Отсталость России волновала американцев из-за исторических воспоминаний о собственной, так успешно преодоленной отсталости, но также ввиду небескорыстных колониальных целей. Раньше и лучше других это сложное сочетание интересов понял Павел Милюков, пять раз, начиная с 1903 года, посещавший Америку и преподававший в лучших университетах. Спонсором Милюкова был миллионер Чарльз Крейн, бывший посол в Китае, который основал кафедру славянской истории Чикагского университета; Милюков именует его старинным масонским способом — «друг человечества». Интересуясь только «старыми культурами, оттесненными новыми цивилизациями», Крейн «не терял из вида специальных интересов собственных предприятий»[395]. Завзятый путешественник, Крейн не любил Европы: «его тянуло дальше, в страны, в которых сохранялись остатки старой восточной культуры: Китай, Россия, Балканы. В этом сказался стопроцентный американец, не оторвавшийся от собственной старины, такой еще недавней» (Там же). Западник и историк, сам Милюков никогда не написал бы Китай, Россию и Балканы через запятую; он воспроизводит американскую перспективу, в которой Россия виделась одной из стран загадочного, застывшего Востока.

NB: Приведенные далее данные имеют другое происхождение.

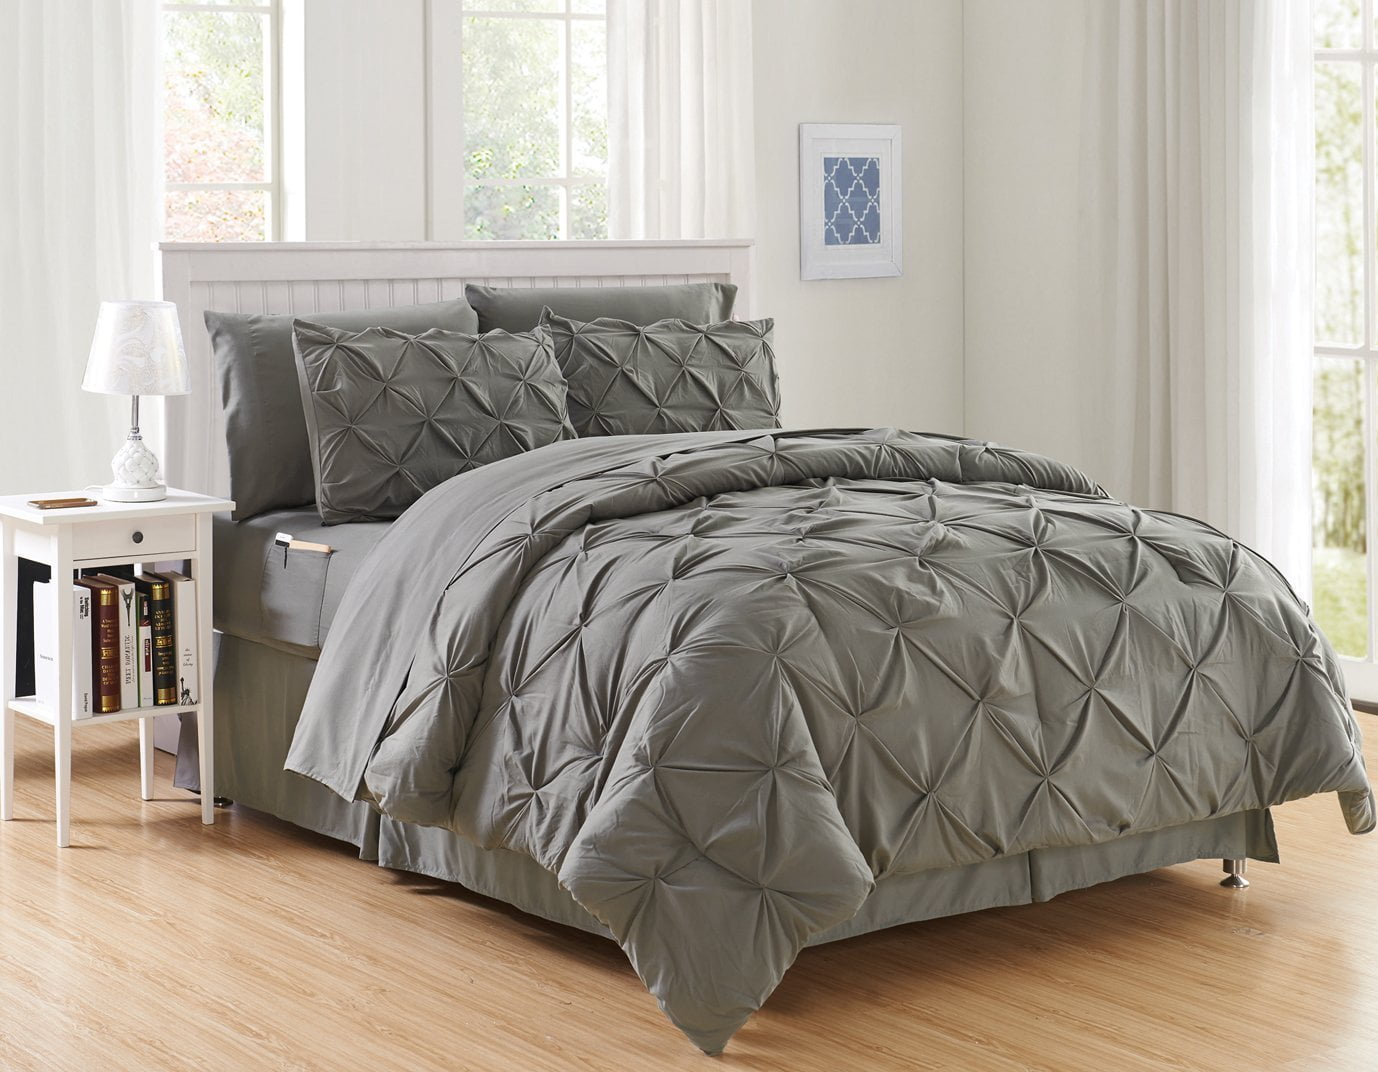 Elegant Comfort Gray 8 Piece Bed in a Bag Comforter Set with Sheets, Queen

В те счастливые времена ориентализм американских русофилов не затемнялся идеологическими предпочтениями. Так рассуждал и Генри Адамс, посетивший Россию в 1901 году. Внук первого американского посланника в России, профессиональный историк Адамс увидел страну вне мира и истории. И все же именно ему, американскому интеллектуалу, эта страна внушала смутные диалектические надежды:

Ученик Гегеля собрался в Россию, чтобы расширить свое понимание «синтеза» […] Русские развивались диаметрально противоположно [в сравнении с американцами]. Россия не имела ничего общего ни с одной из древних или современных культур, какие знала история. […] Русские, вероятно, никогда не менялись, — да и могли ли они? […] Россия выглядела бескрайним ледником, стеной из древнего льда, — крепкой, первозданной, вечной[396].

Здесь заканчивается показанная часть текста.